WHAT YOU NEED TO DO: Without any pictures, print the lines below from the one that has "D event info c9d1147ae86e0350dc" through the one that has "II OGŁOSZENIE O", exactly and nothing else.
======== AVAILABLE DATA ========
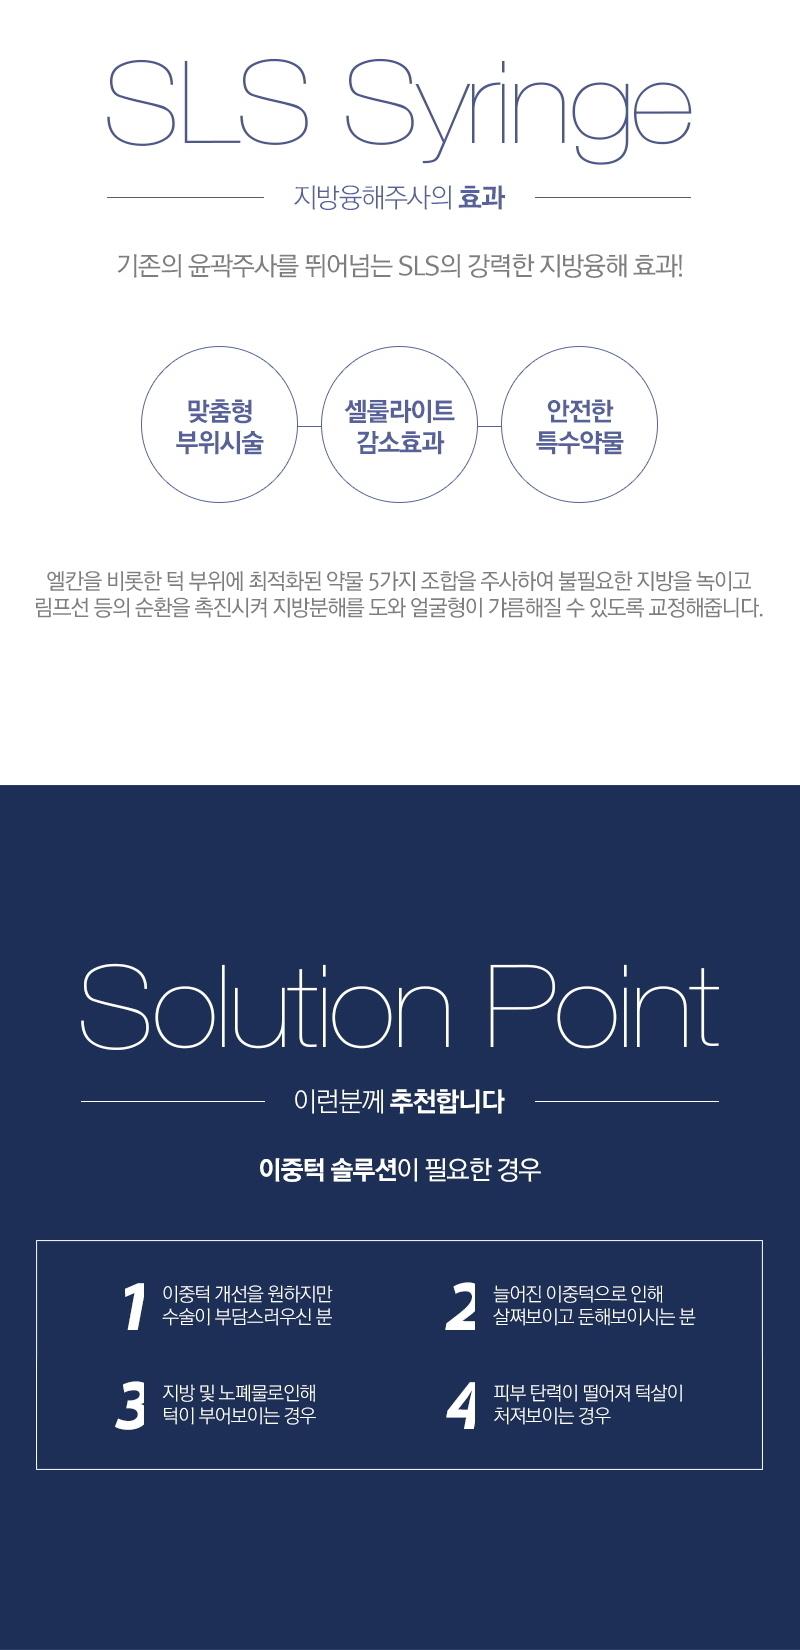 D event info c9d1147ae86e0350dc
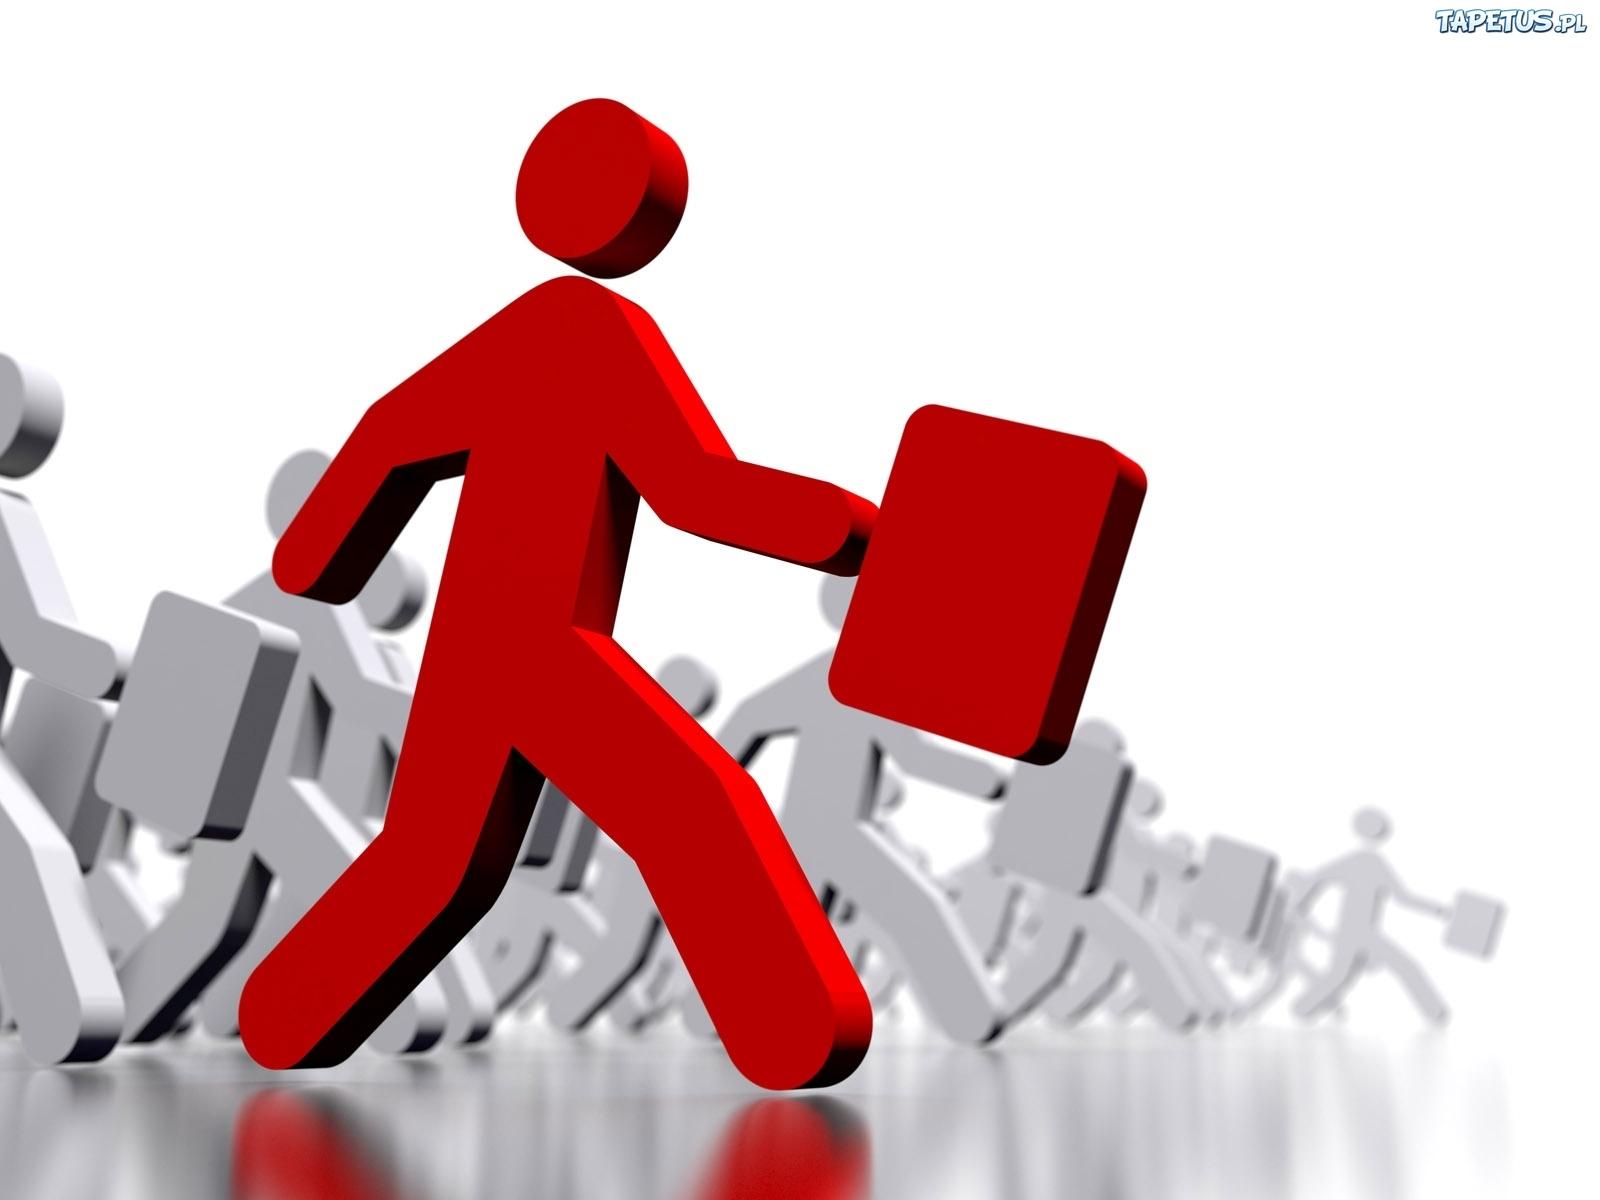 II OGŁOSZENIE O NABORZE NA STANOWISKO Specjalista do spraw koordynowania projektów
========
======== AVAILABLE DATA ========
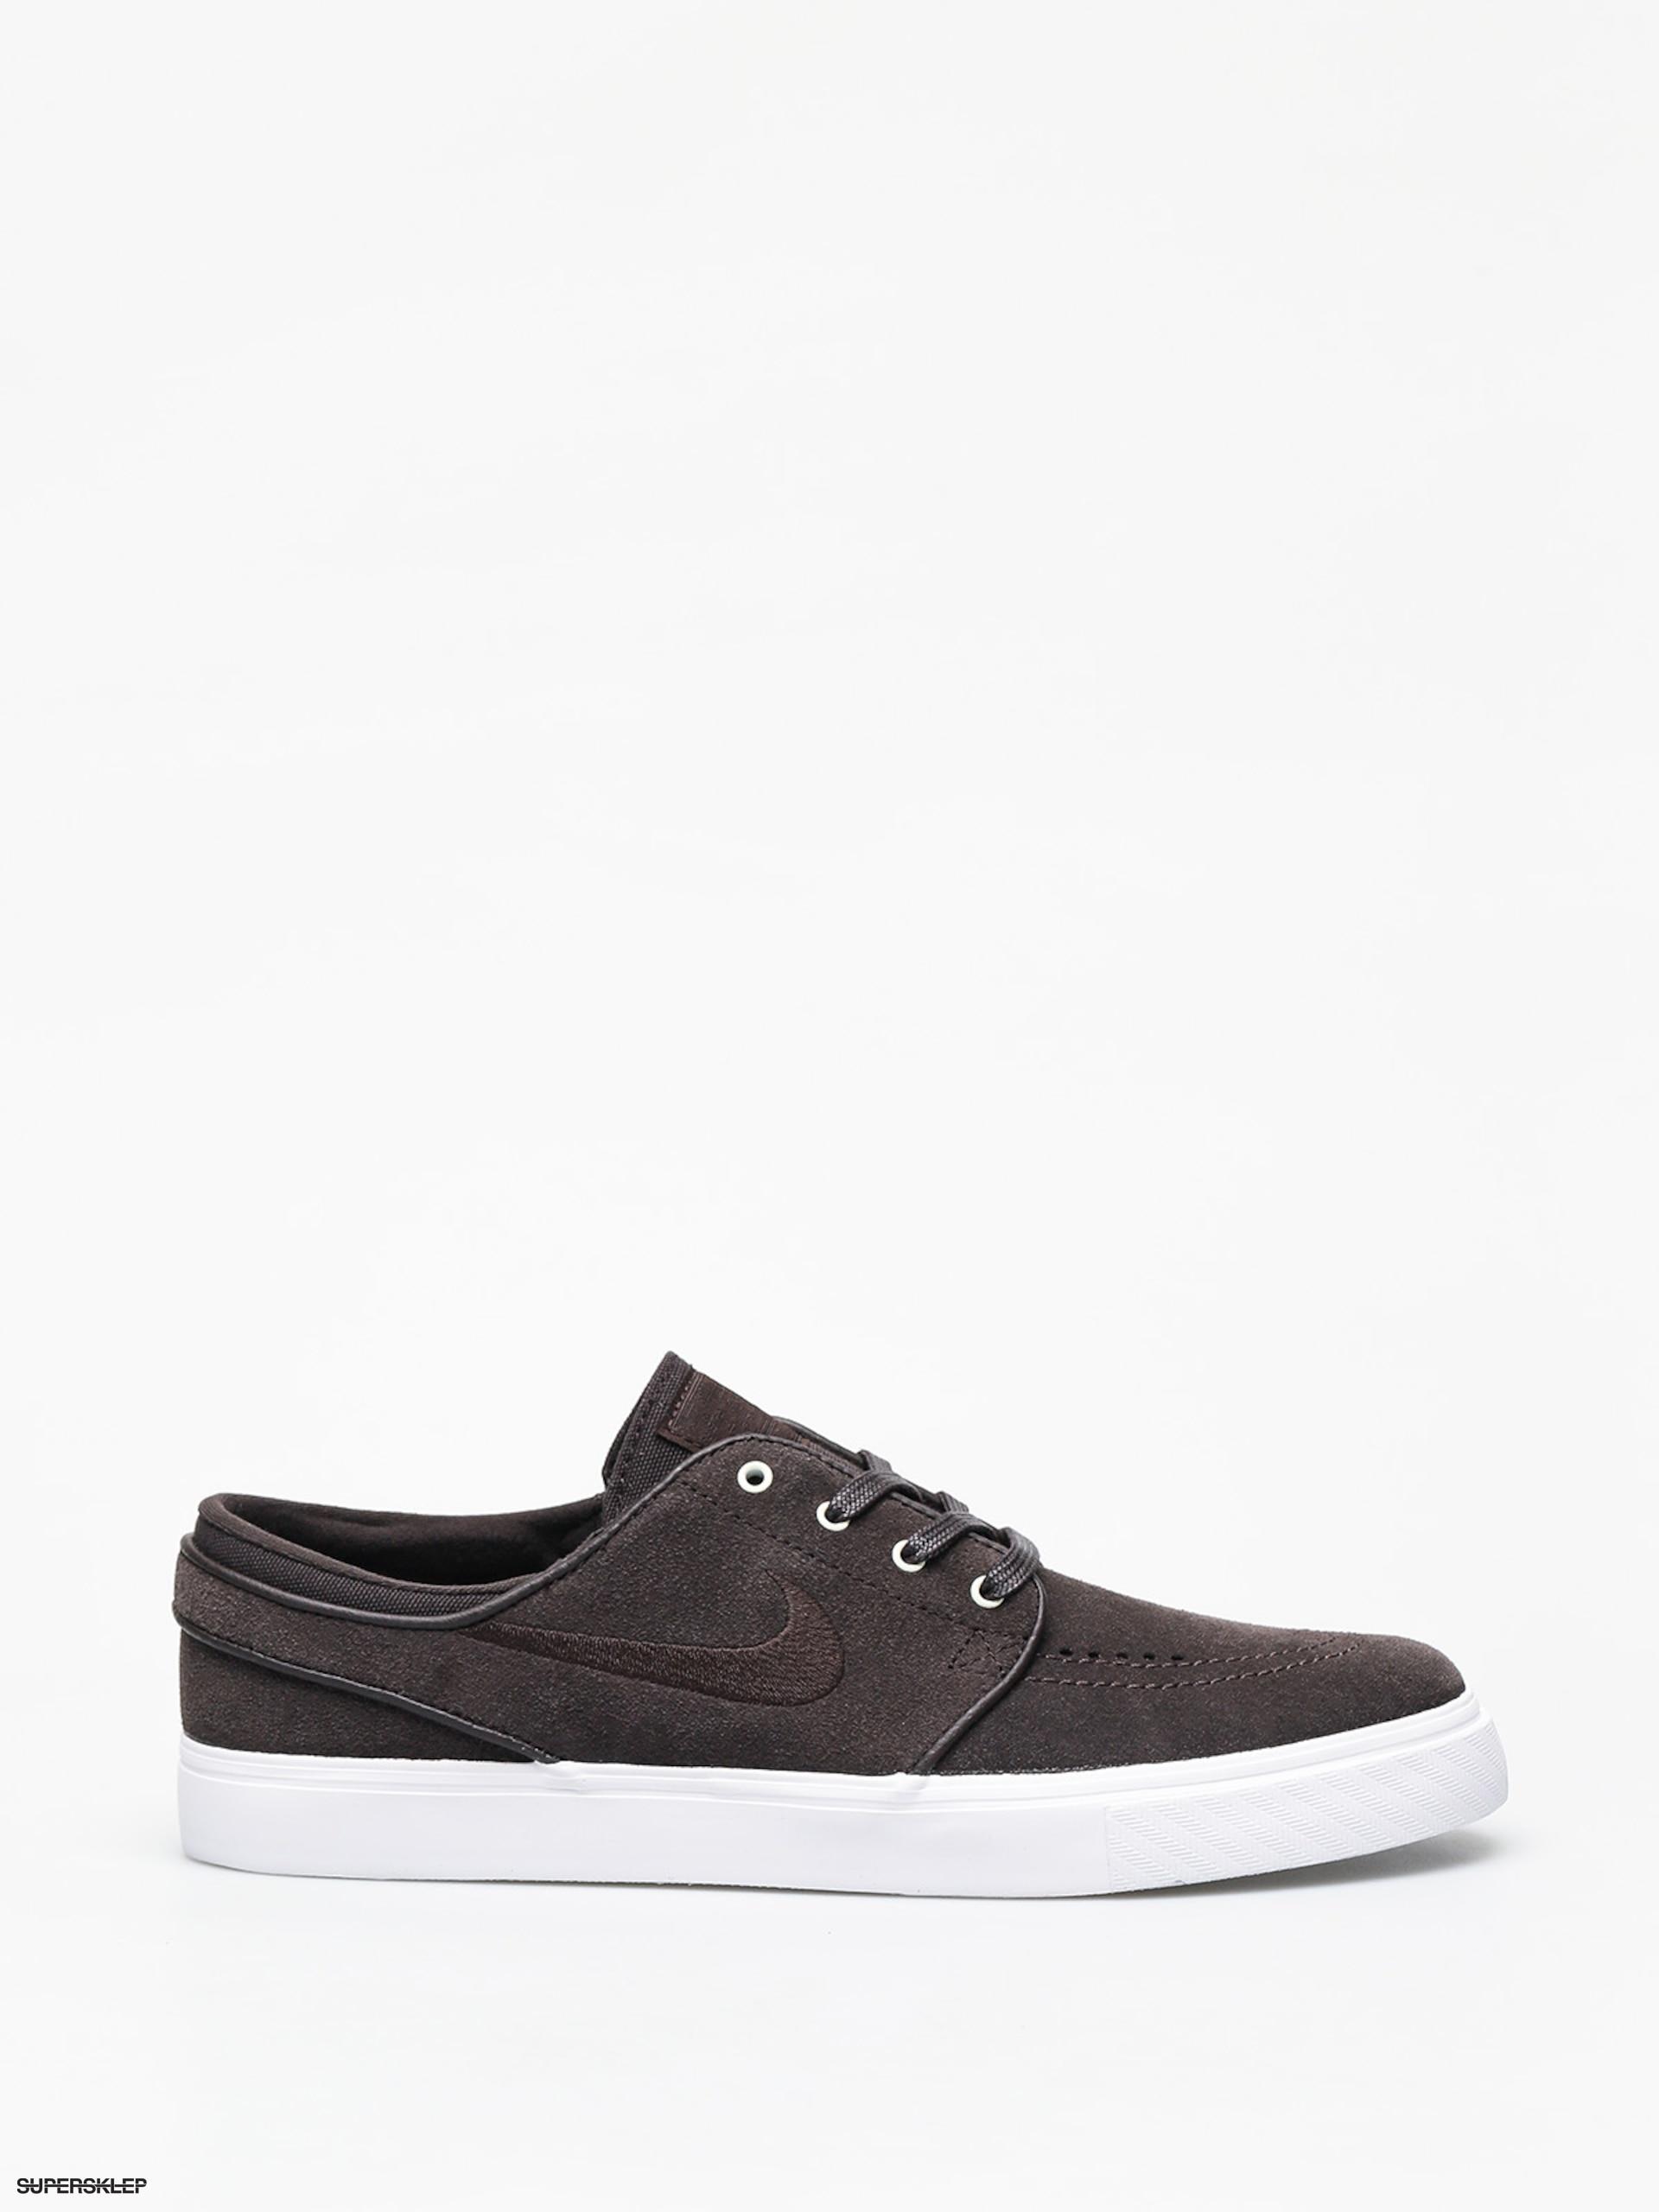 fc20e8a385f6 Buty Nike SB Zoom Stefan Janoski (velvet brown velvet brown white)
========
RESPONSE BELOW:
 D event info c9d1147ae86e0350dc
 II OGŁOSZENIE O NABORZE NA STANOWISKO Specjalista do spraw koordynowania projektów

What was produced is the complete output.